IGFBP1 El plásmido de activación CRISPR (h) proporciona un enfoque específico y no destructivo para regular al alza la expresión endógena de IGFBP1 sin alterar la secuencia de ADN subyacente.
IGFBP1 El plásmido de activación CRISPR (h) es un sistema mediador de activación sinérgica (SAM) de tres plásmidos diseñado para la regulación al alza transcripcional altamente eficiente y específica del locus IGFBP1 en líneas celulares humanas. El sistema se basa en una Cas9 catalíticamente inactiva (dCas9) que porta dos mutaciones inactivadoras (D10A y N863A) que eliminan la actividad nucleasa al tiempo que conservan la unión al ADN. Esta dCas9 se fusiona con VP64, un potente activador transcripcional, y se coexpresa con un gen de resistencia a la blasticidina para la selección. El segundo plásmido codifica la proteína de fusión MS2-p65-HSF1, un complejo activador secundario que actúa en conjunto con dCas9-VP64, junto con un gen de resistencia a la higromicina. El tercer plásmido codifica un ARN guía (sgRNA) específico del objetivo de 20 nt fusionado a dos aptámeros de ARN MS2 que reclutan el complejo MS2-p65-HSF1 al sitio de activación, acompañado de un gen de resistencia a la puromicina.

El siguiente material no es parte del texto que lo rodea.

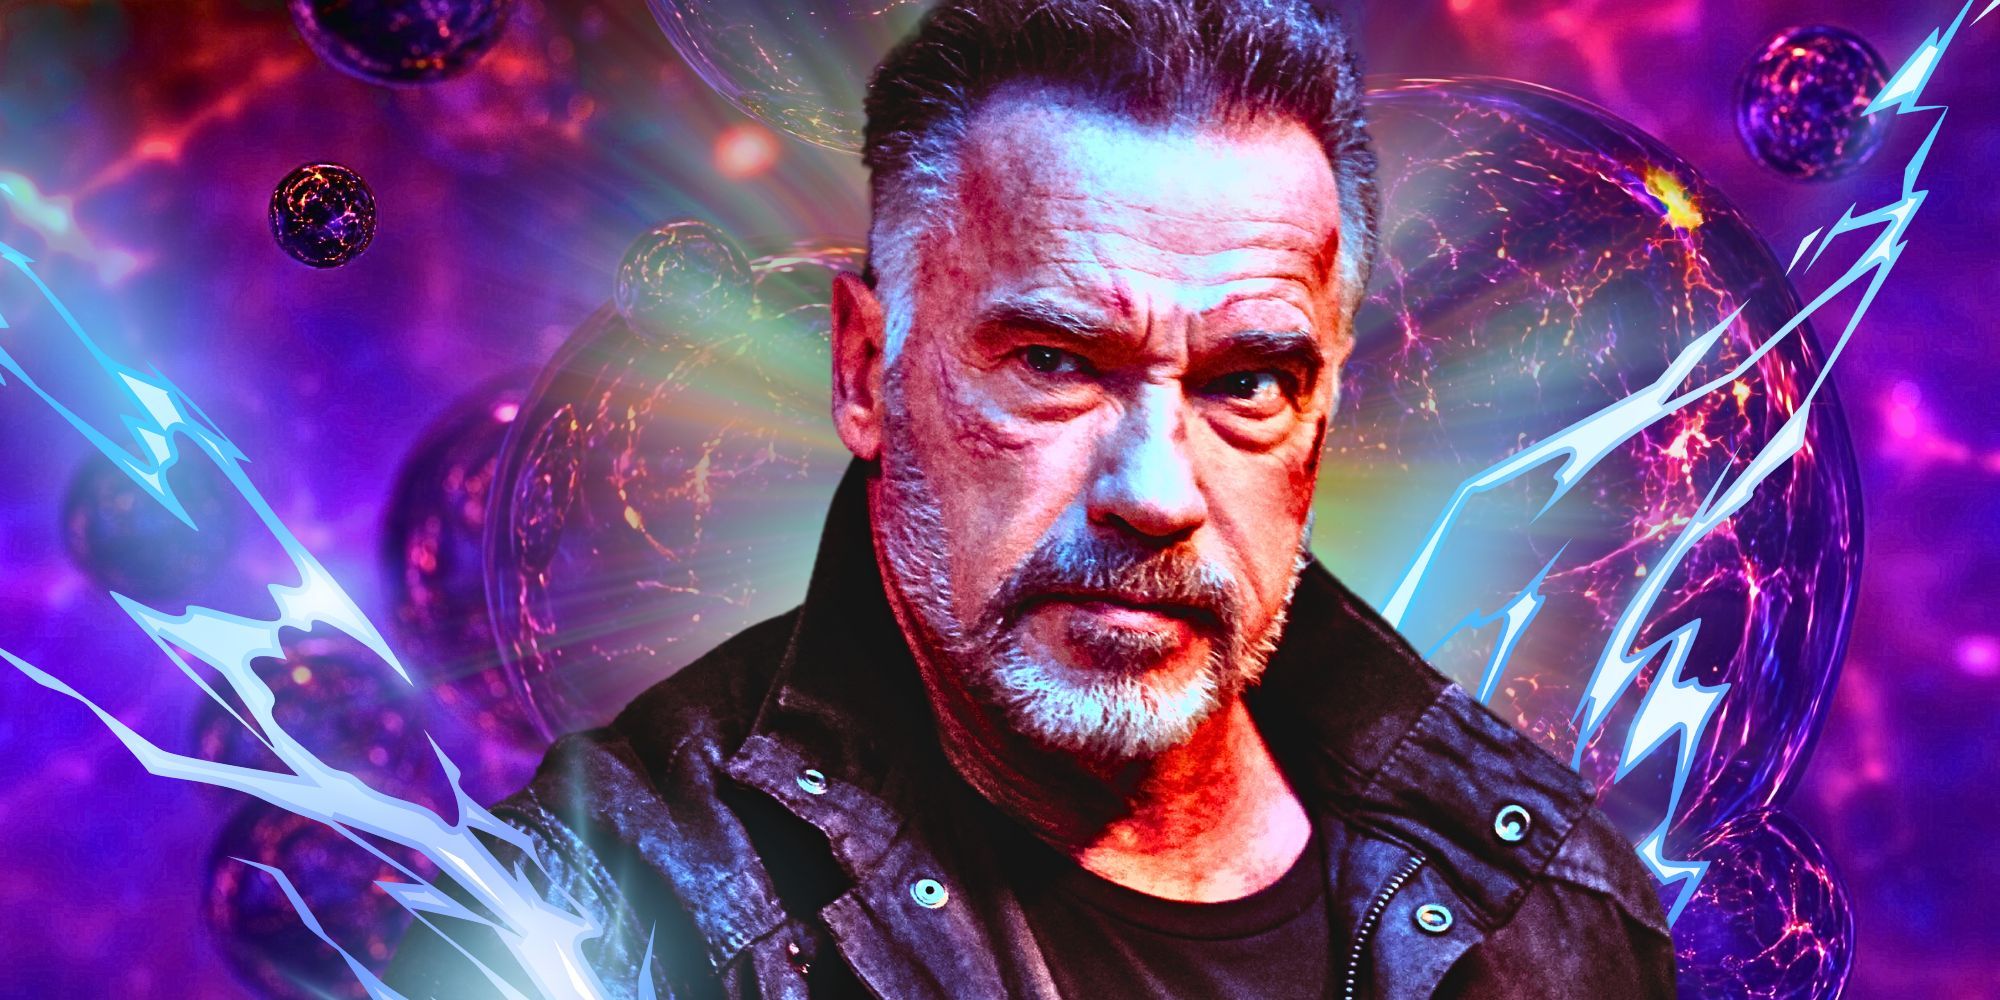 Arnold Schwarzenegger in Terminator: Dark Fate in front of a sci-fi background

Los tres plásmidos se administran en una proporción de masa de 1:1:1 para una expresión equilibrada de todos los componentes del sistema.
Una vez ensamblado en el locus diana, el complejo SAM se une aproximadamente 200 pb aguas arriba del sitio de inicio transcripcional IGFBP1, donde VP64, p65 y HSF1 actúan de forma coordinada para reclutar la maquinaria transcripcional e impulsar la regulación al alza de la expresión endógena de IGFBP1. A diferencia de la Cas9 con actividad nucleasa, dCas9 no introduce roturas de doble cadena ni modifica la secuencia genómica, preservando el locus nativo IGFBP1 y permitiendo el estudio de las respuestas transcripcionales dependientes de IGFBP1 en el locus endógeno, lo que la convierte en una herramienta valiosa para estudios funcionales, la identificación de genes diana y la modelización de la restauración de la vía IGFBP1 en células tumorales con expresión de IGFBP1 silenciada o reducida.
Sólo para uso en investigación. No destinado a uso diagnóstico o terapéutico.